House of Assembly - Fifty-Third Parliament, Second Session (53-2)
2015-06-04 Daily Xml

Contents

St Clair Reserve

The Hon. M.J. ATKINSON (Croydon) (16:39): On 3 December 2009, on the last sitting day before the general election of March 2010, David Winderlich used parliamentary privilege to allege that I was guilty of corruption and 'worse than corruption' in connection with Charles Sturt Council's St Clair land swap.
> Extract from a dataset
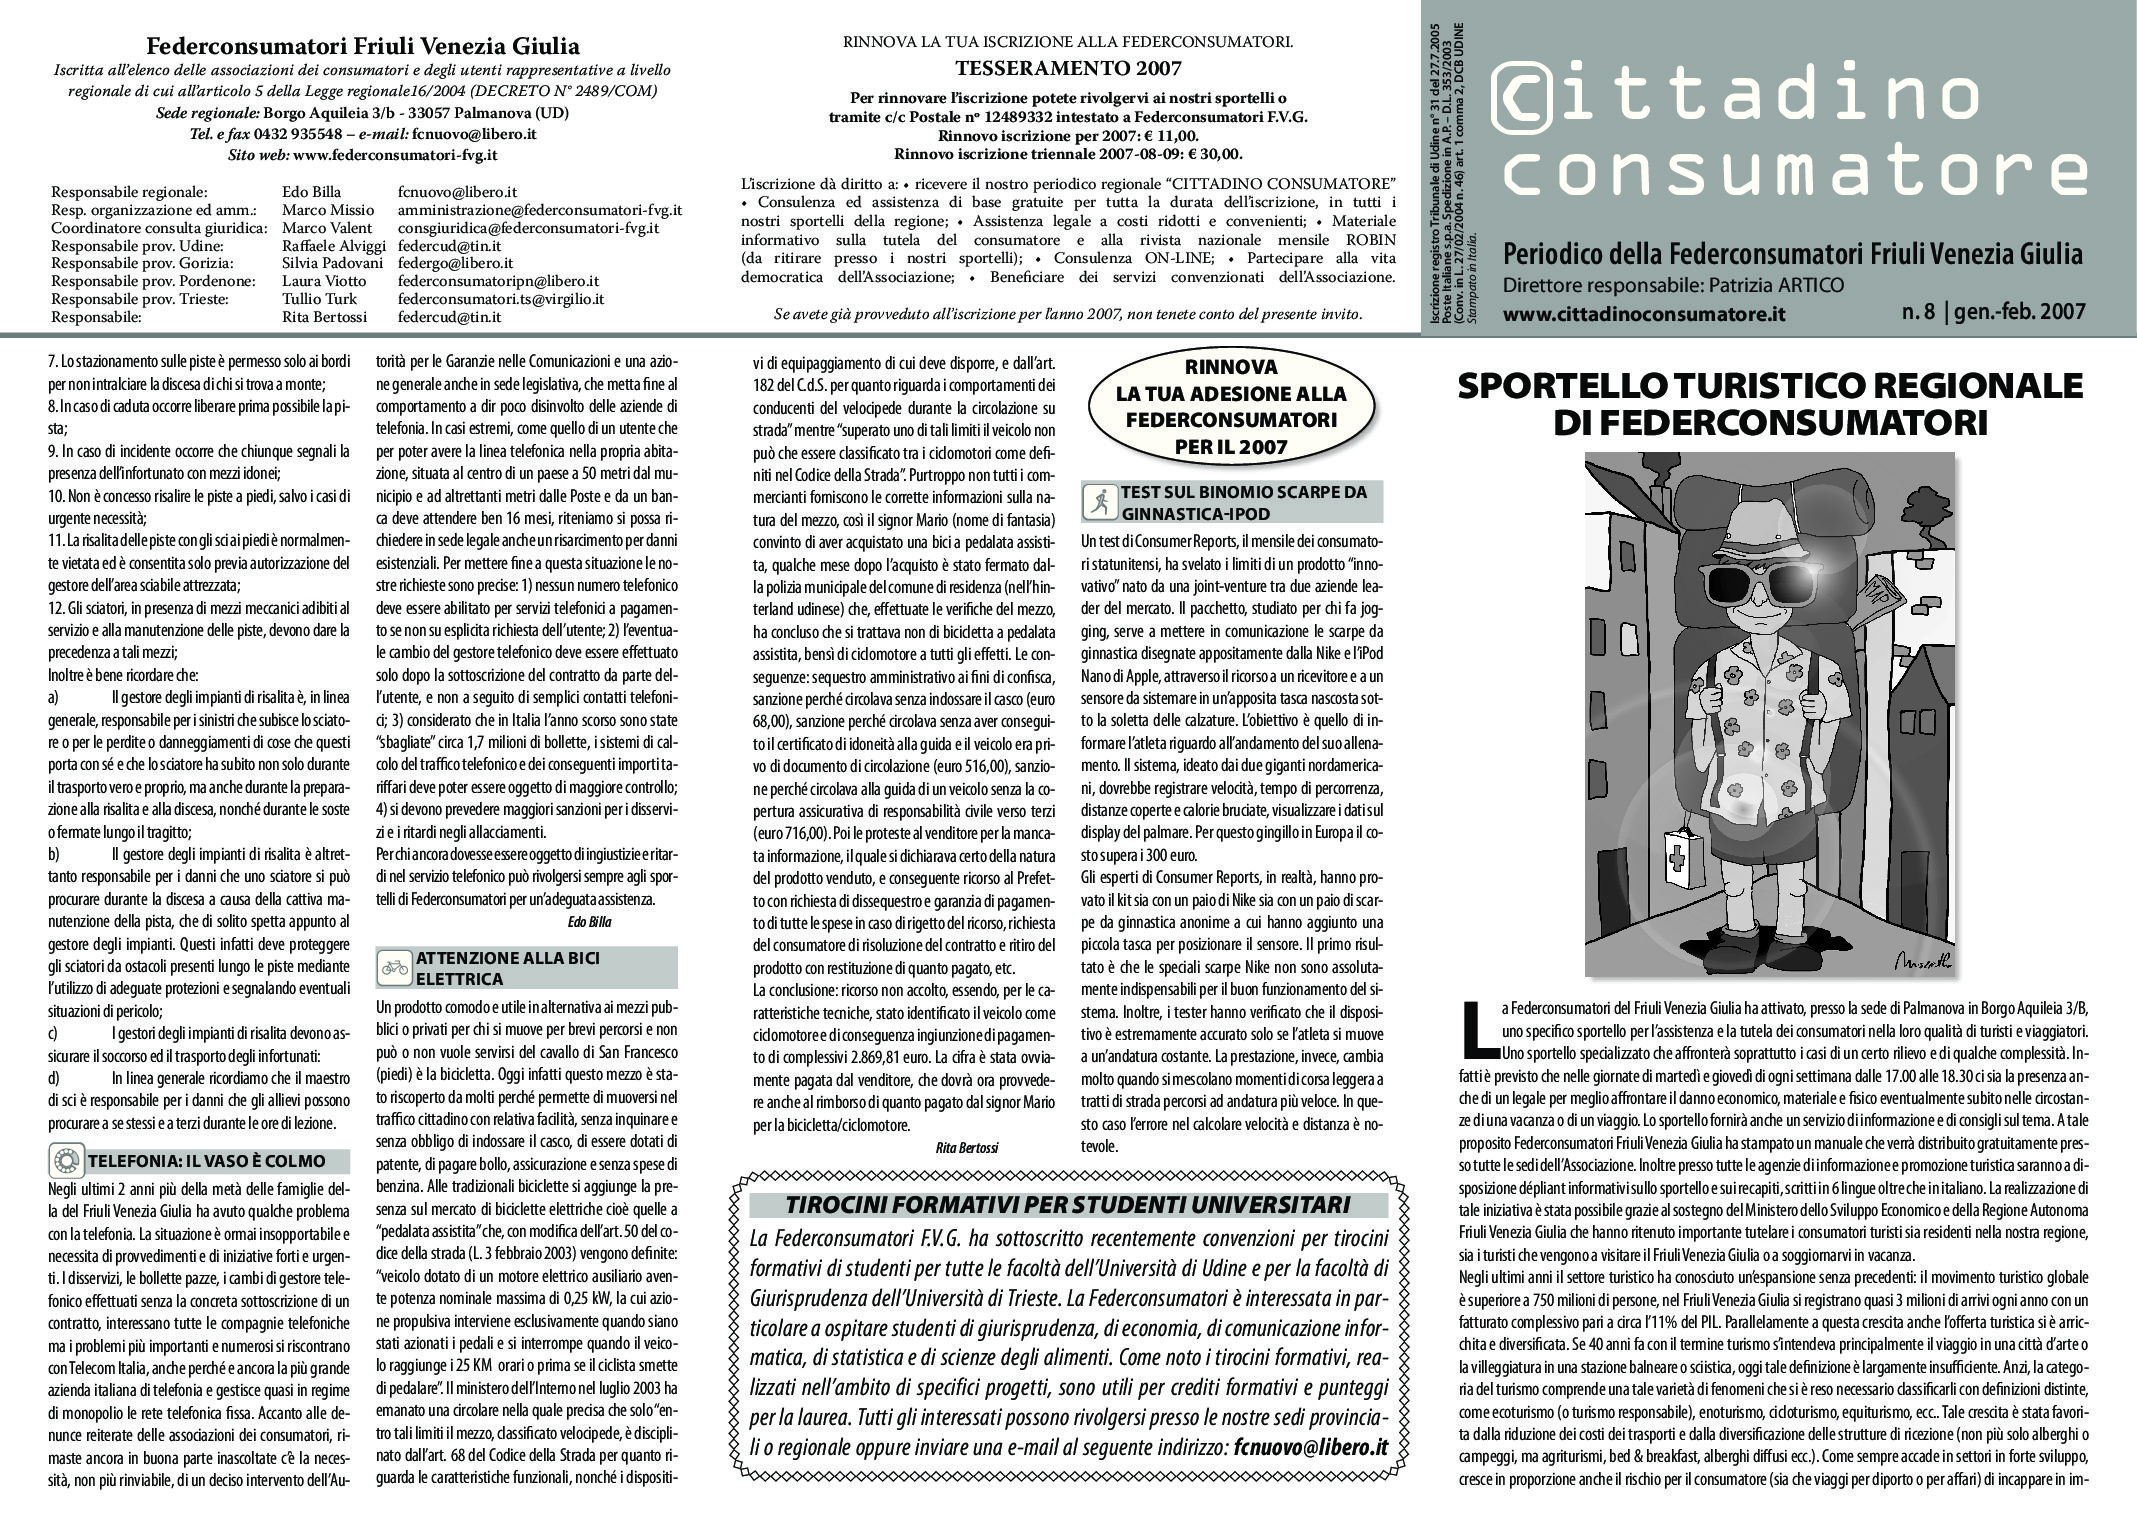 Cittadino Consumatore num. 8 (gen.-feb. 2007)

After making the allegations, David Winderlich walked into the Parliament House bar and announced, 'I've just tipped a bucket of shit on Atko.' It was to be his last day in parliament. I believe that Kirsten Alexander, David Winderlich, Winderlich staffer Sandy Biar and a Ridleyton woman contributed to the speech about me that Mr Winderlich (now the owner of John Davis Records in the city) read into the Hansard and via parliamentary privilege into a full page spread in The Advertiser.

At the March 2010 state election, David Winderlich and Kirsten Alexander ran for the Legislative Council on a ticket called Independent Communities against Corruption. Mrs Alexander adopted the Winderlich speech by partnering him on a ticket bearing that name, although she had already by that time had input into Winderlich's speech.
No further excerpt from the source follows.